* [Task requirements]: Only the lines from the one that includes "Los Cultivos De" through the last line below belong in the reply, copied exactly and without pictures.

* [Data extract]:
*** Begin section ***

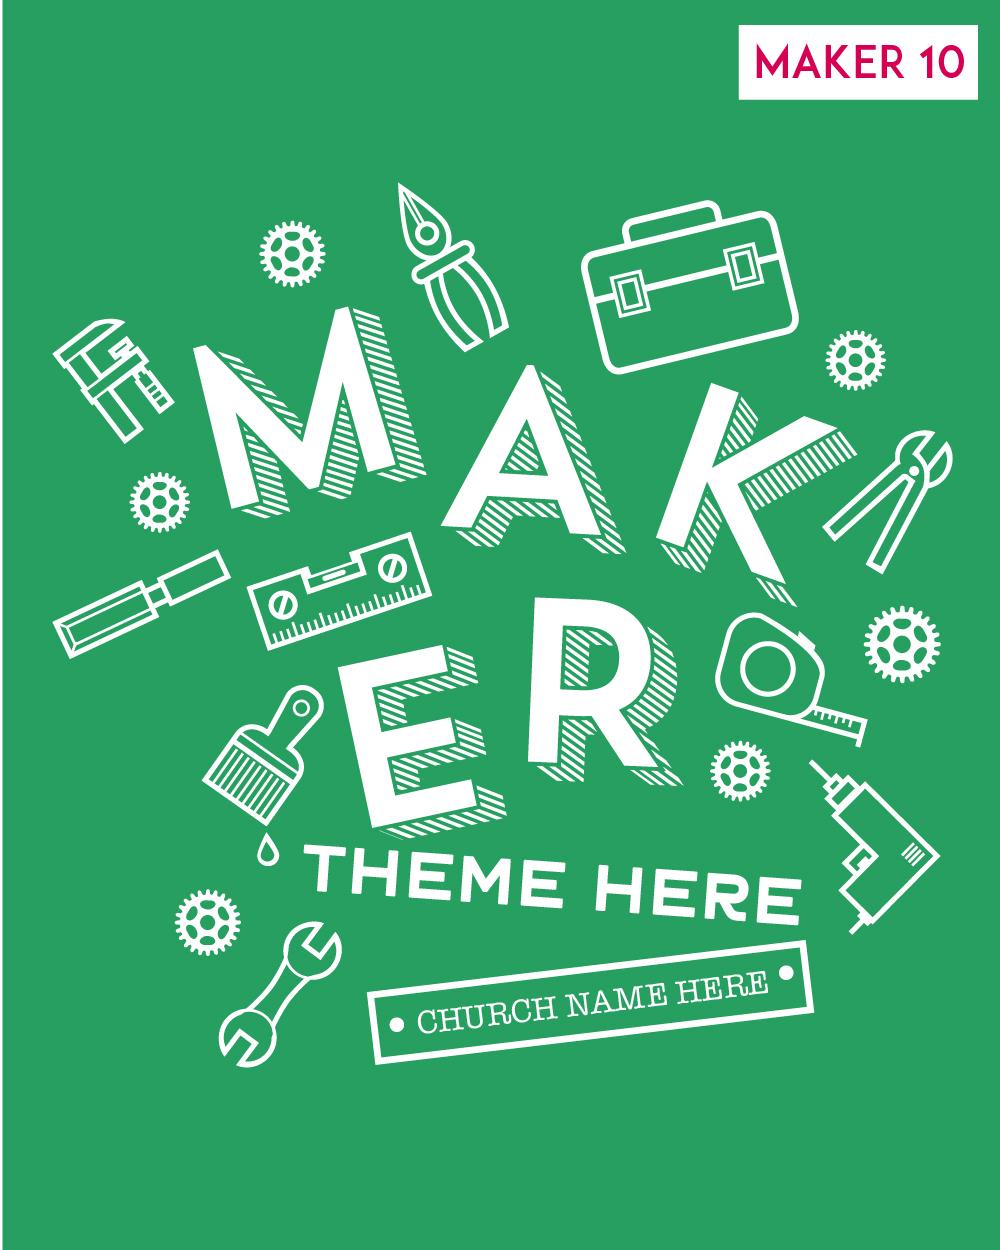 Maker 10-02.jpg
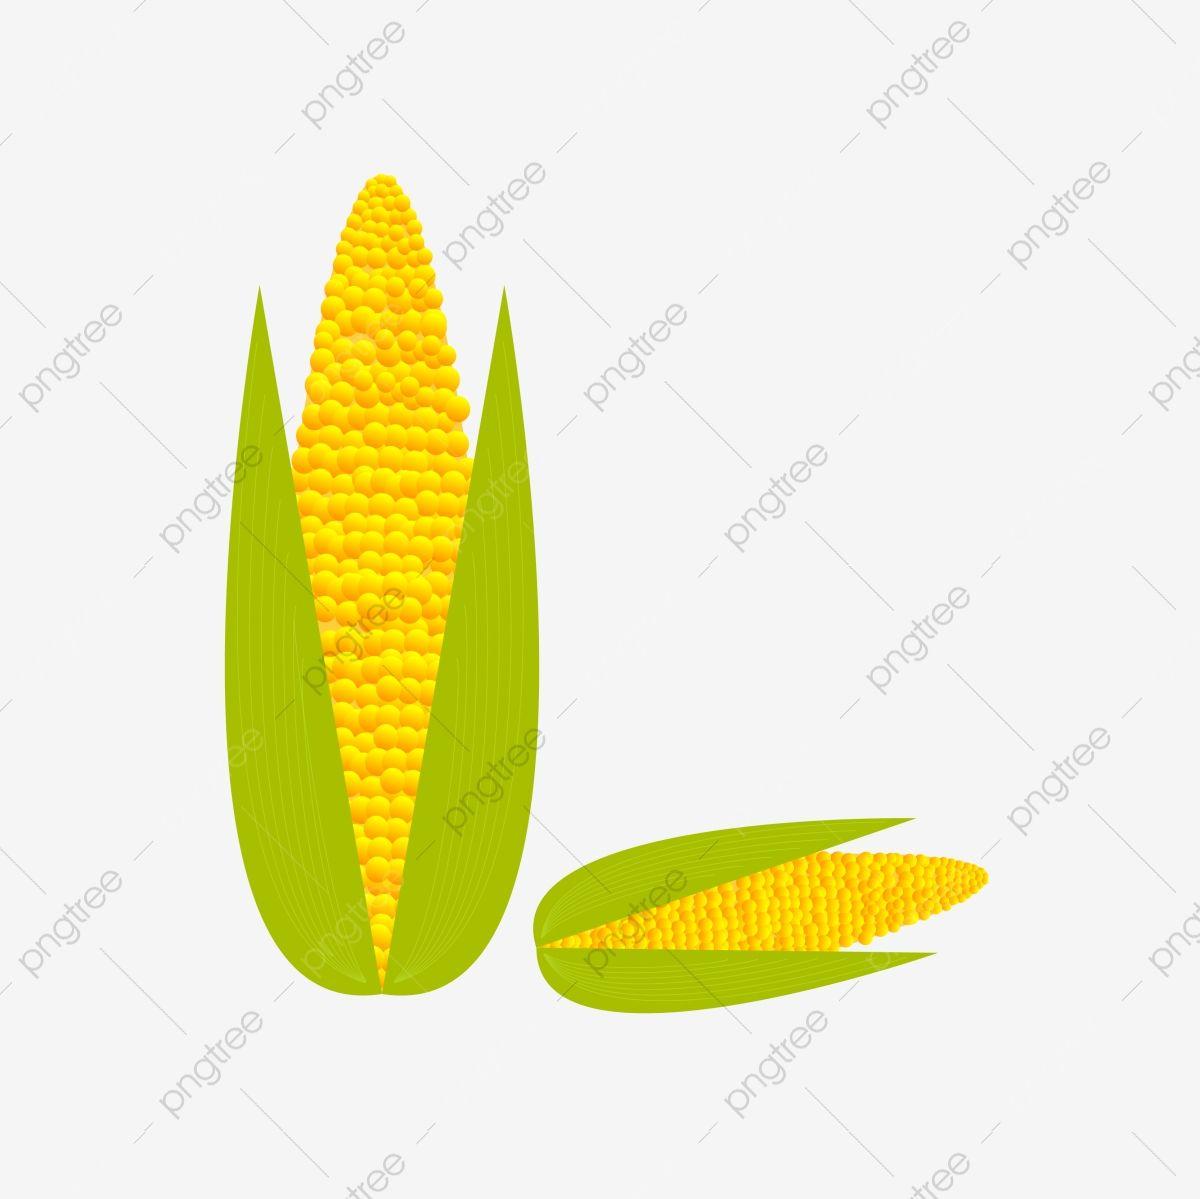 Los Cultivos De Maiz Fresco De Dibujos Animados Dibujos Animados Fresco Maiz Png Y Vector Para Descargar Gratis Pngtree Maiz Dibujo Maiz Dibujos
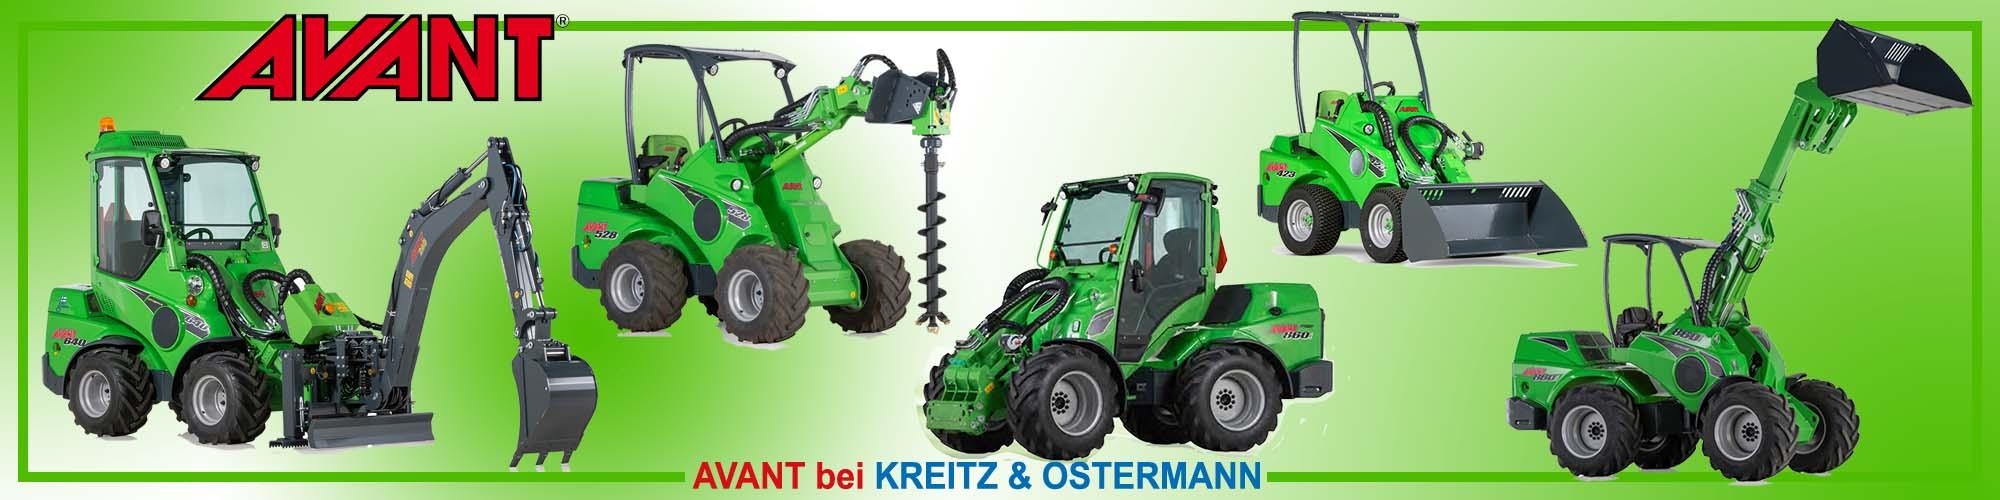 Avant bei Kreitz & Ostermann
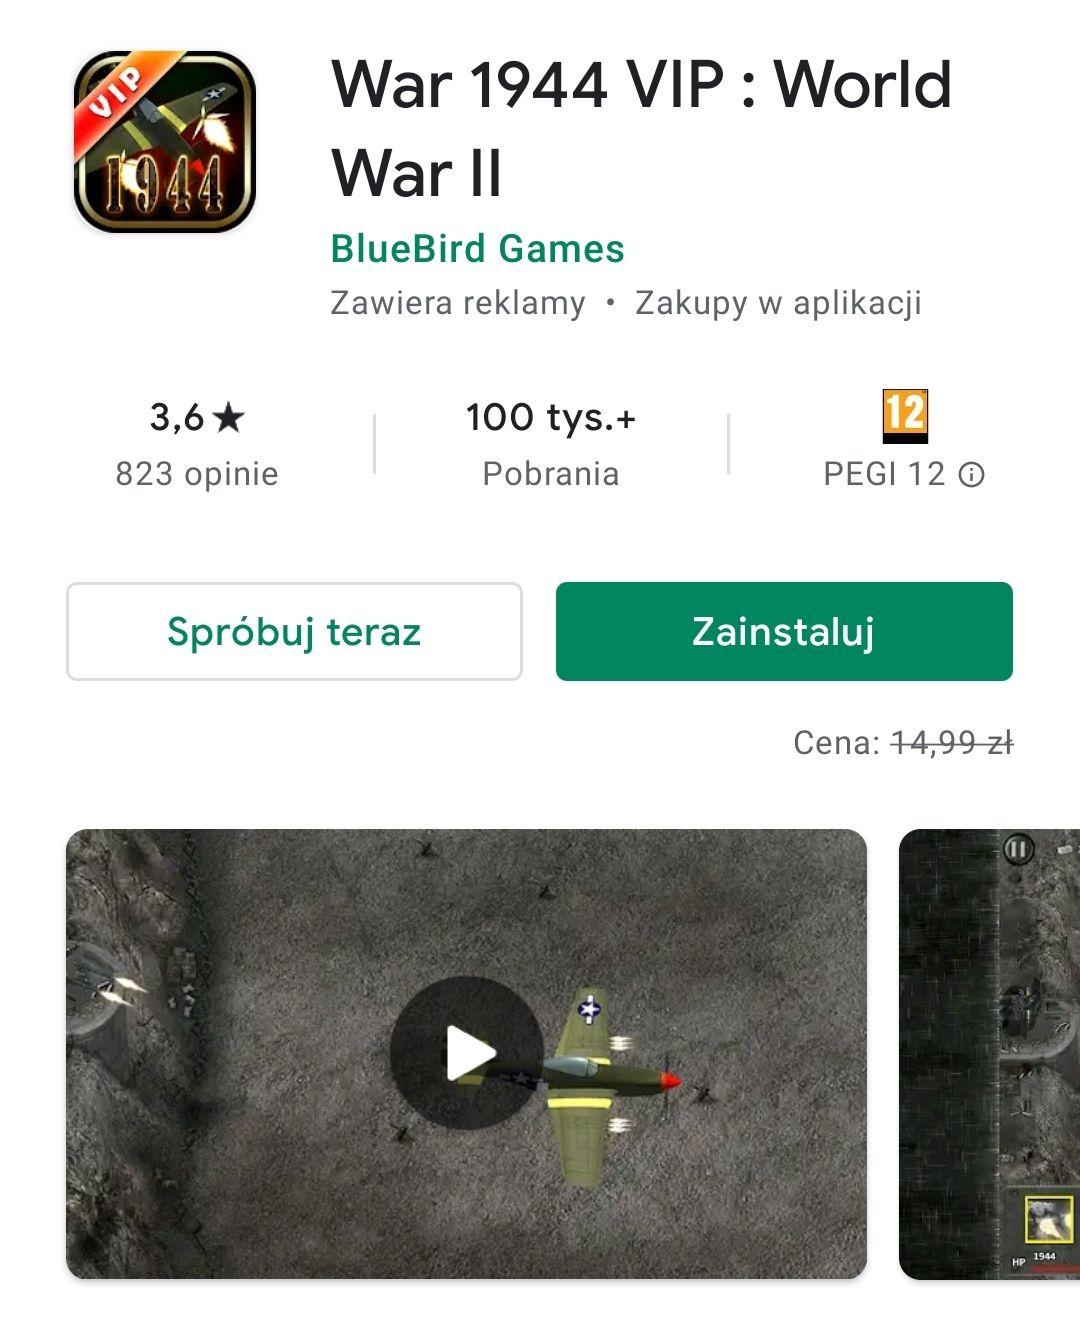 War 1944 VIP: World War II

*** End section ***

* [Problem solution]:
 Los Cultivos De Maiz Fresco De Dibujos Animados Dibujos Animados Fresco Maiz Png Y Vector Para Descargar Gratis Pngtree Maiz Dibujo Maiz Dibujos
 Avant bei Kreitz & Ostermann
 War 1944 VIP: World War II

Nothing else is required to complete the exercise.